Кристина попыталась поддержать голову Горацио, безвольно болтающуюся в такт шагам Джошуа, но ее собственные шаги не попадали в такт, и из затеи ничего не вышло. Свисающие волосы казались серыми и тусклыми, как индикатор жизненной силы, застывший опасно близко к нулю.
Открыв дверь флигеля и быстро пройдя в дальнюю комнату, Кристина сдернула с кровати одеяло и подушку.
– Клади сюда, – сказала она Джошуа. – Осторожно.
Поморщилась, заметив, что Джошуа положил Горацио на левый бок, нахмурилась, когда тот при этом не издал ни звука. Разрезала веревку, осторожно перевернула Горацио на спину. Часто бьющаяся жилка на горле подсказывала, что он все еще жив, но отсутствие реакции на боль заставляло предполагать, что он действительно впадает в кому.
Кристина быстро прошла на кухню мимо остановившегося в дверях Джошуа. Первый порыв накричать на парня, выгнать его она успешно подавила, сама удивившись внезапно вспыхнувшему чувству собственничества: «Это мой пациент. Уйдите все, не трогайте его, оставьте нас!» Кристина понимала, что этот порыв адресован не Джошуа, а Кристоферу, который причинил Горацио боль и которому она больше не позволит к нему прикоснуться. Если бы Кристофер сейчас сунулся во флигель, он имел бы все шансы познакомиться с той самой хищницей, о которой так мечтал, вот только настроенной отнюдь не на любовные игры, а на самую жестокую и кровавую расправу с человеком, посмевшим причинить вред ее детенышам.

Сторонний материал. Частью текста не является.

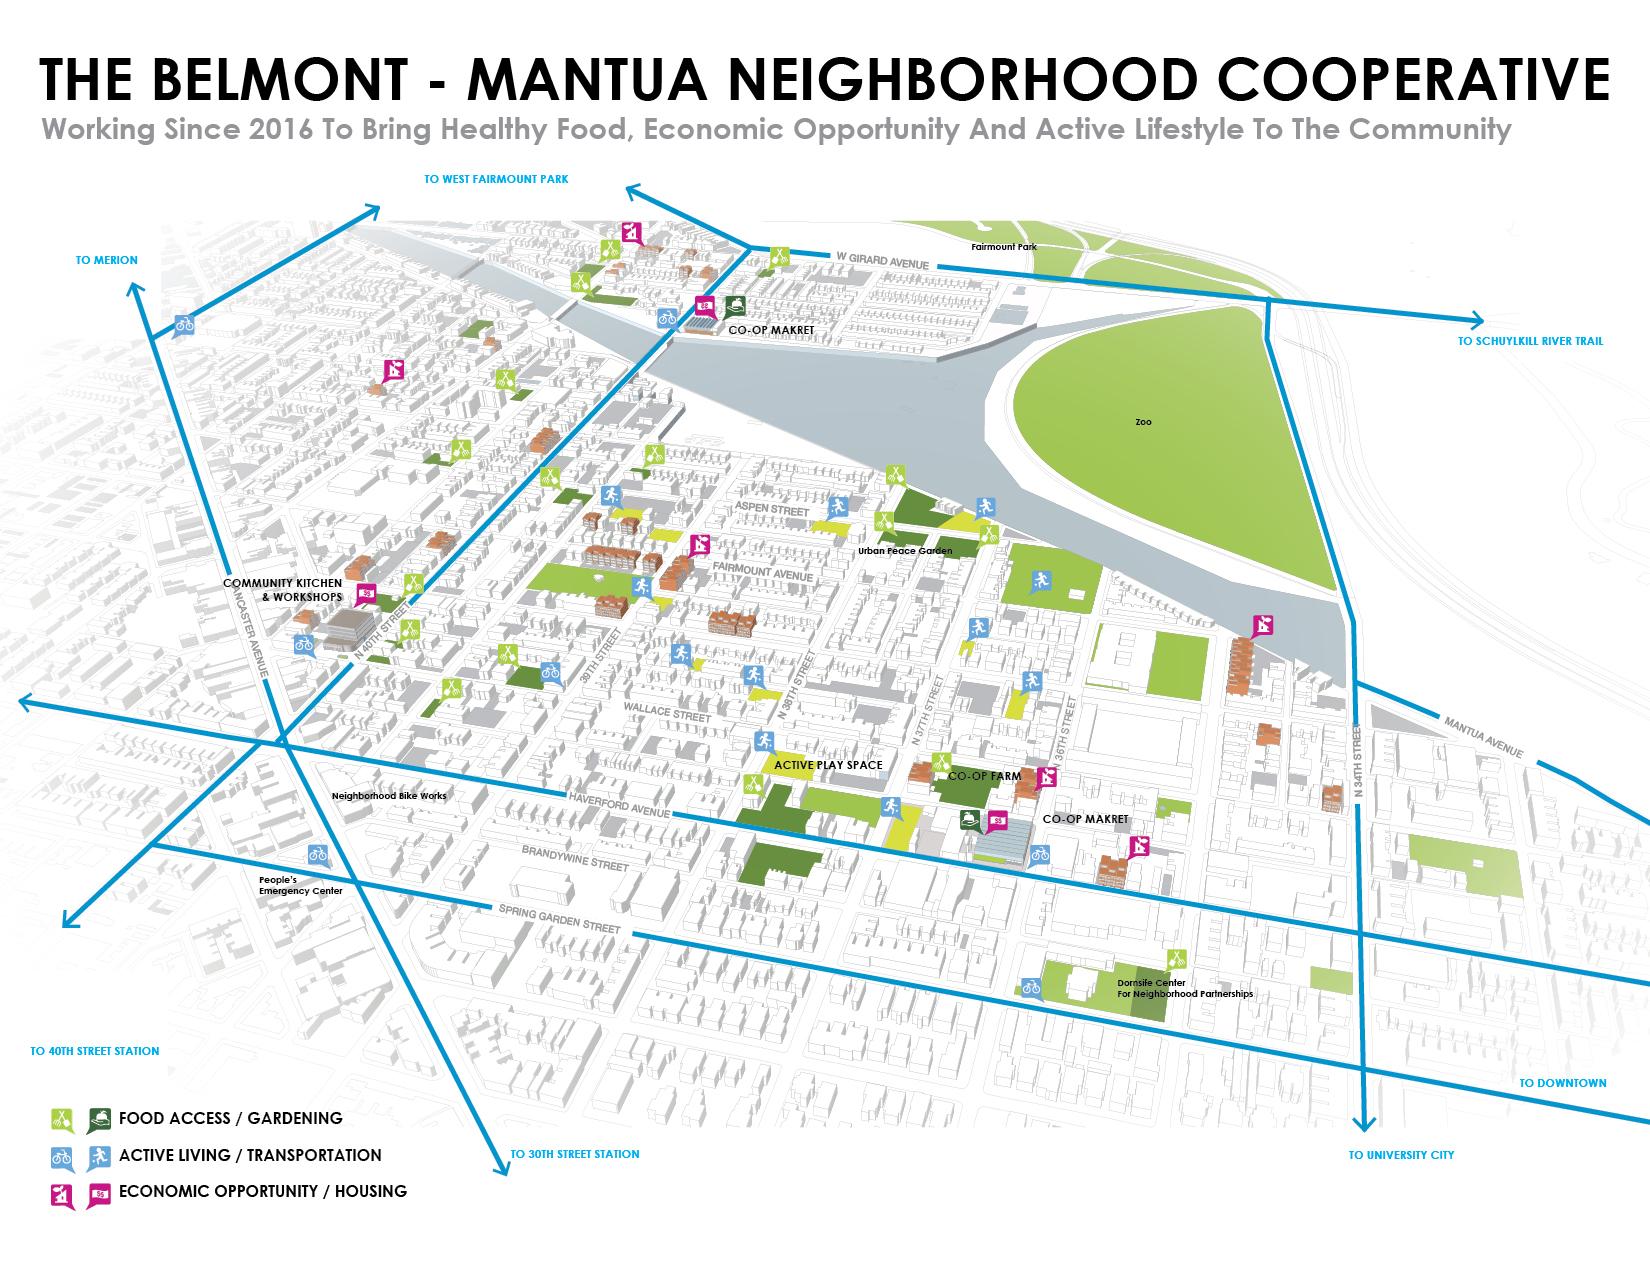 Cooperative Neighborhoods

Кристина быстро приготовила новую порцию подслащенной минеральной воды с каплей лимонного сока и вернулась в комнату, спокойно, даже с улыбкой отвечая на вопросы Джошуа.
– Что ты делаешь?
– «Капельницу для бедных». Он долго не ел, а капельницы с глюкозой у меня нет, поэтому я капаю ему в рот сладкую водичку.
Обмакнуть кусок чистой ткани в воду, осторожно раздвинуть губы, вложить ткань, слегка нажать, чтобы в рот скользнуло несколько капель. Снова смочить ткань…

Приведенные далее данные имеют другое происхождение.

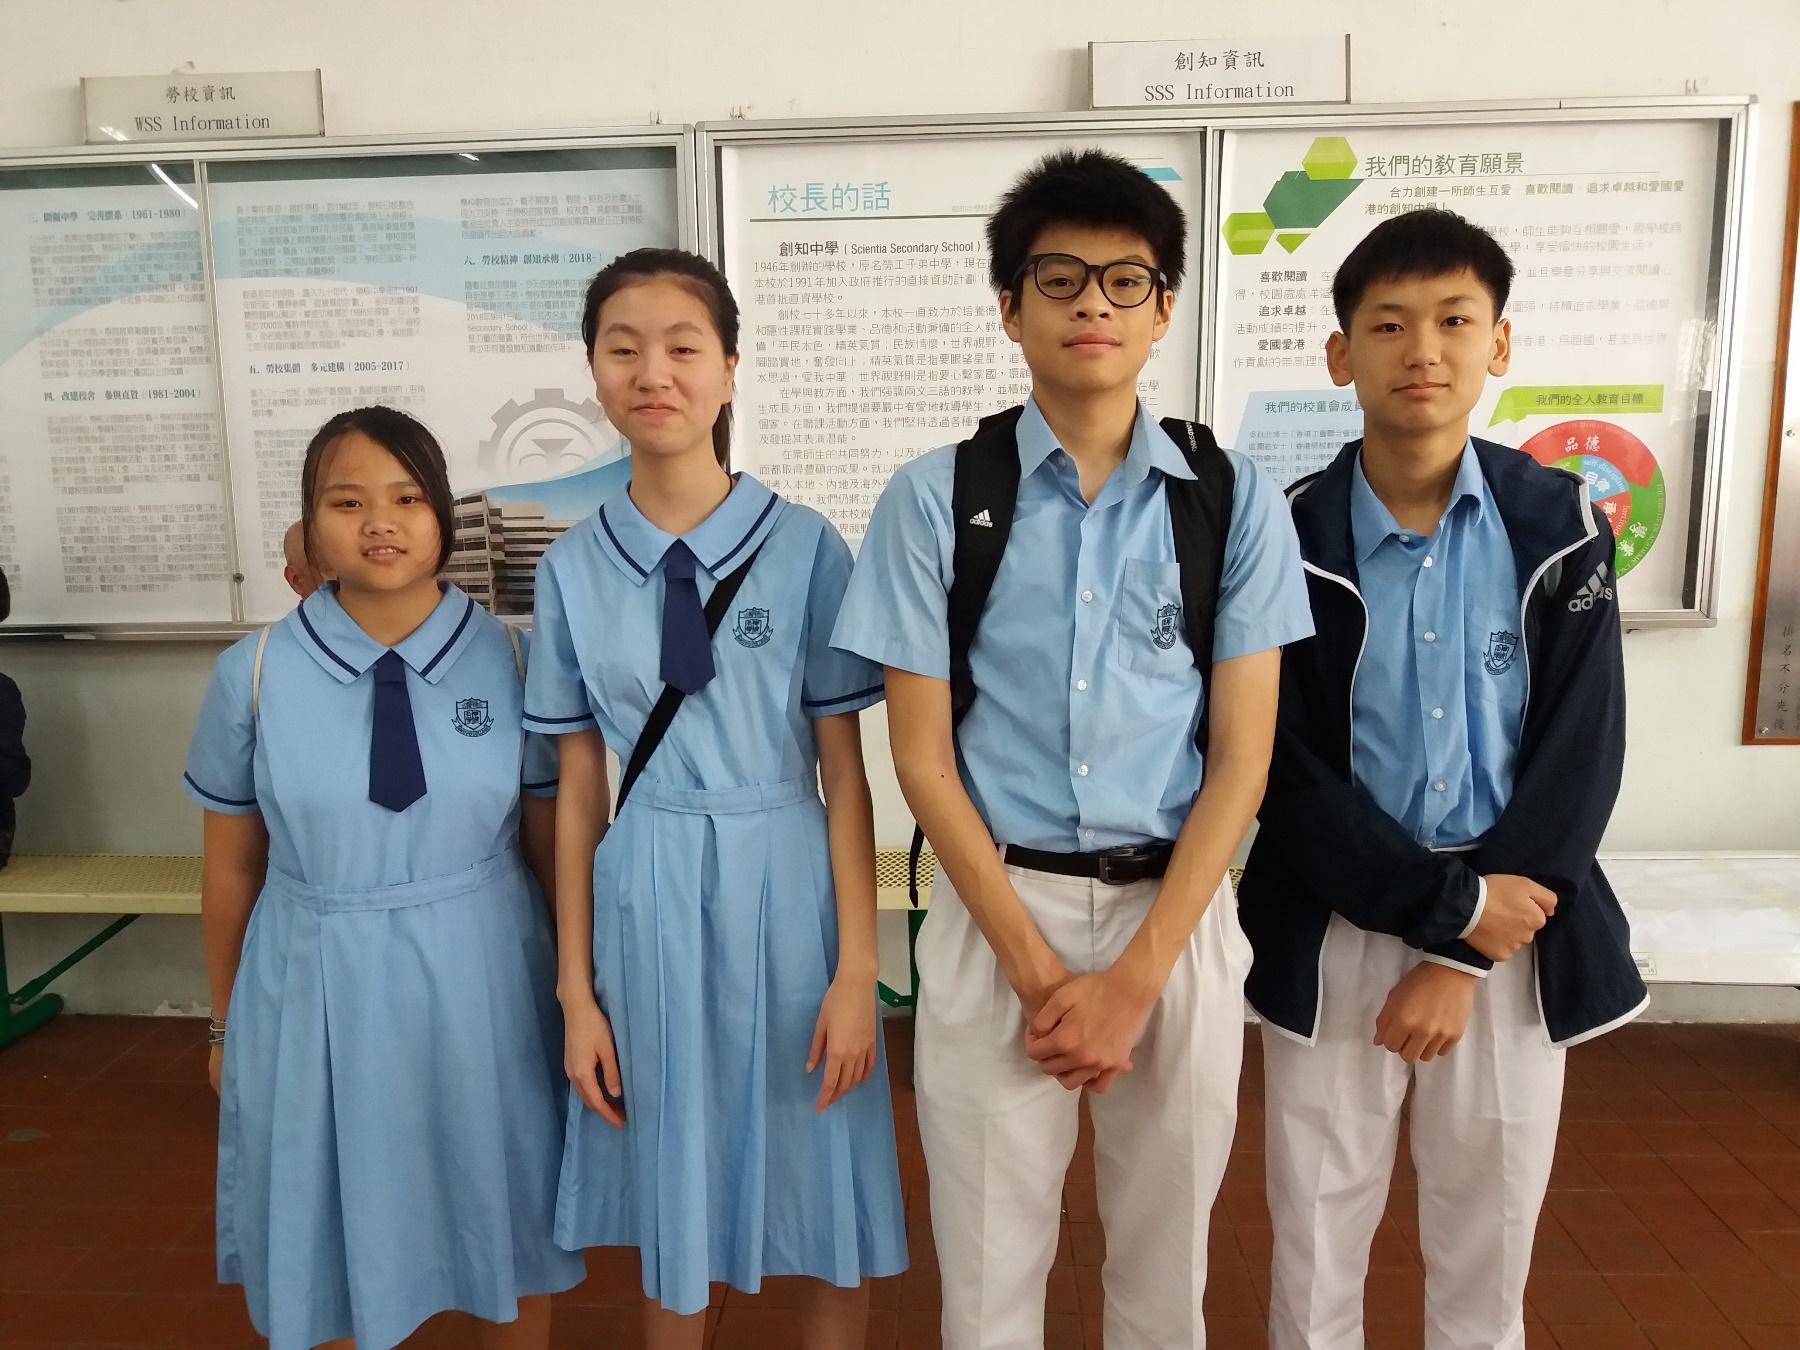 http://npc.edu.hk/sites/default/files/20190428_134148.jpg

Несложно, но слишком уж долго. Однако другого не дано, она и представить не могла, что придется оказывать такую помощь вне больницы.

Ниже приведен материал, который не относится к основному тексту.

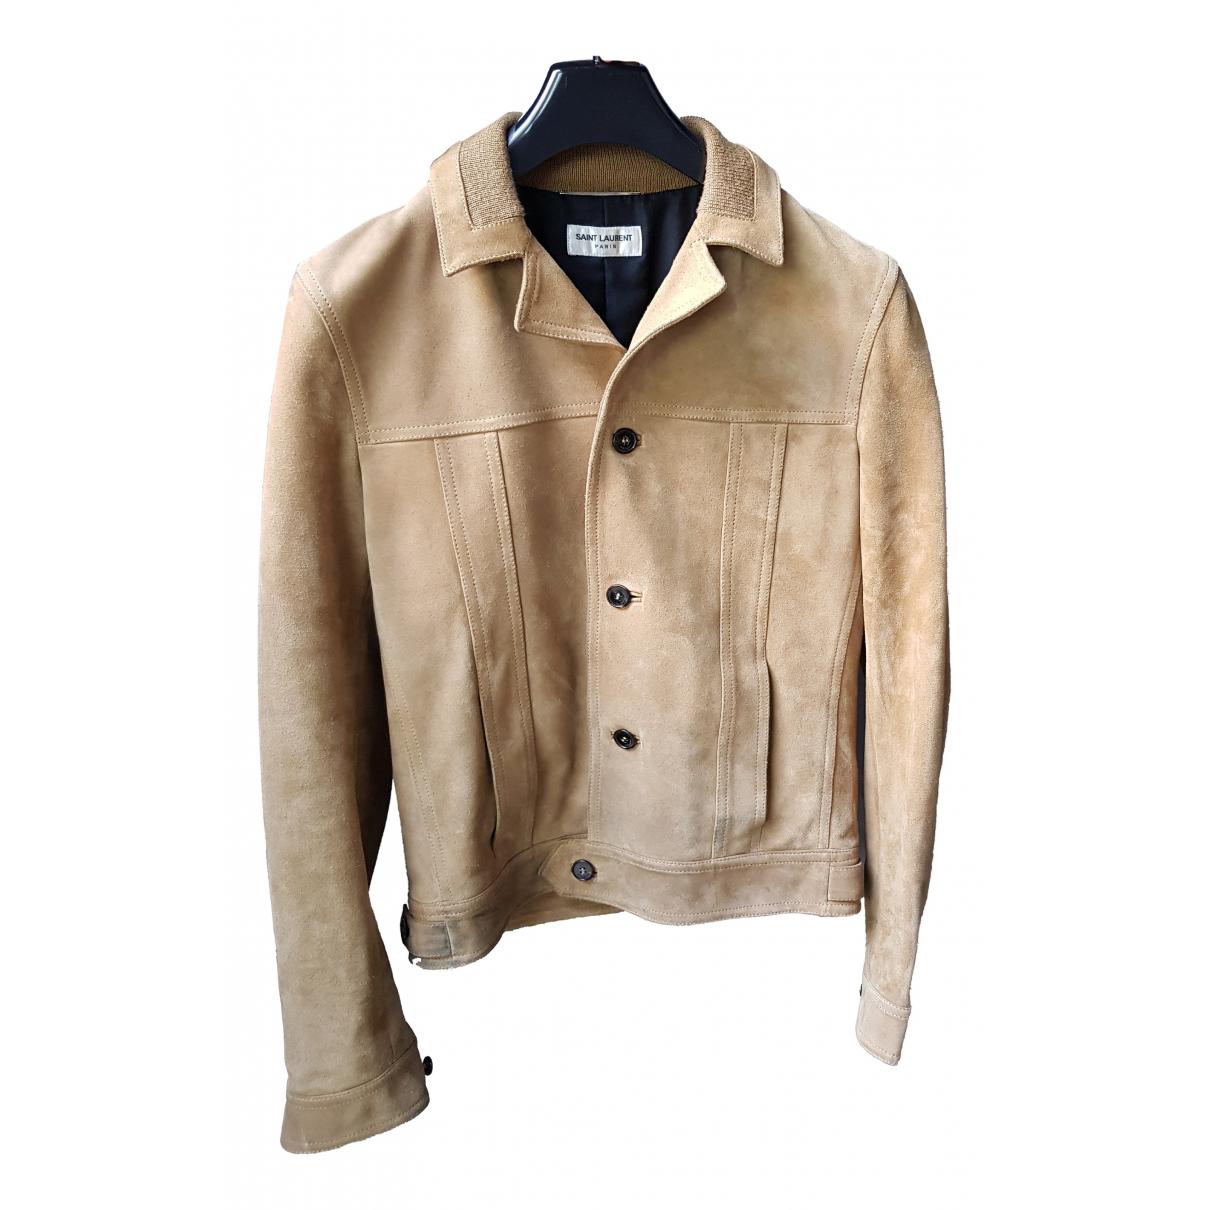 Yves Saint Laurent N Camel Suede jacket  for Men 44 IT

– А почему просто не налить воды в рот? – заинтересовался Джошуа, подходя поближе.
– Если налить в рот воды, он может и захлебнуться, – покачала головой Кристина. – Сейчас вода капелька за капелькой течет по небу и попадает в гортань. Часть воды сама попадет куда нужно, а остальной мы поможем, – она сильно и мягко провела ладонью по горлу Горацио вниз-вверх-вниз, имитируя глотательное движение.
– Здорово, – восхитился Джошуа. – А со мной так сделаешь?
– Не получится, – с улыбкой покачала головой Кристина. – Только если ты будешь без сознания, но в таком случае ты ничего не запомнишь.
– Эх, – огорчился Джошуа, внимательно наблюдая за процедурой. – А он тоже ничего не запомнит?
– Нет, – рассеянно подтвердила Кристина, заставляя Горацио сглотнуть.
Ее мысли уже убежали вперед, выстраивая план действий, пытаясь выделить все первостепенное, мысленно проверить, все ли необходимое есть в наличии. Получалось, что не все. Нужно обезболивающее в ампулах, шовные материалы, фиксирующая повязка. Это первое. А еще нужна одежда – как только Горацио сможет нормально передвигаться, они не останутся тут ни единой лишней секунды.
– Хочешь еще мне помочь? – спросила Кристина, когда в чашке практически ничего не осталось.
– Ну, – задумался Джошуа. – А что нужно сделать?
– Сходишь в аптеку? Я напишу, что купить, – приподняла брови Кристина, быстро записывая на листке все необходимое, так, чтобы Джошуа оставалось лишь показать список. Одежду придется покупать на глаз. И объясняться с Кристофером, мол, это на всякий случай, если заложник все же выйдет из комы, мол, не голышом же его показывать. Конечно, лучше бы Кристофер про одежду ничего не знал, но это маловероятно, наверняка он сунет нос в покупки.
– Конечно, – охотно кивнул Джошуа.
Судя по тому, как он покосился на кровать, снова нести куда-то столь непритягательную ношу ему не хотелось.
– Что, не хочешь больше к нему прикасаться? – пряча улыбку, спросила Кристина, передавая ему список и кредитку.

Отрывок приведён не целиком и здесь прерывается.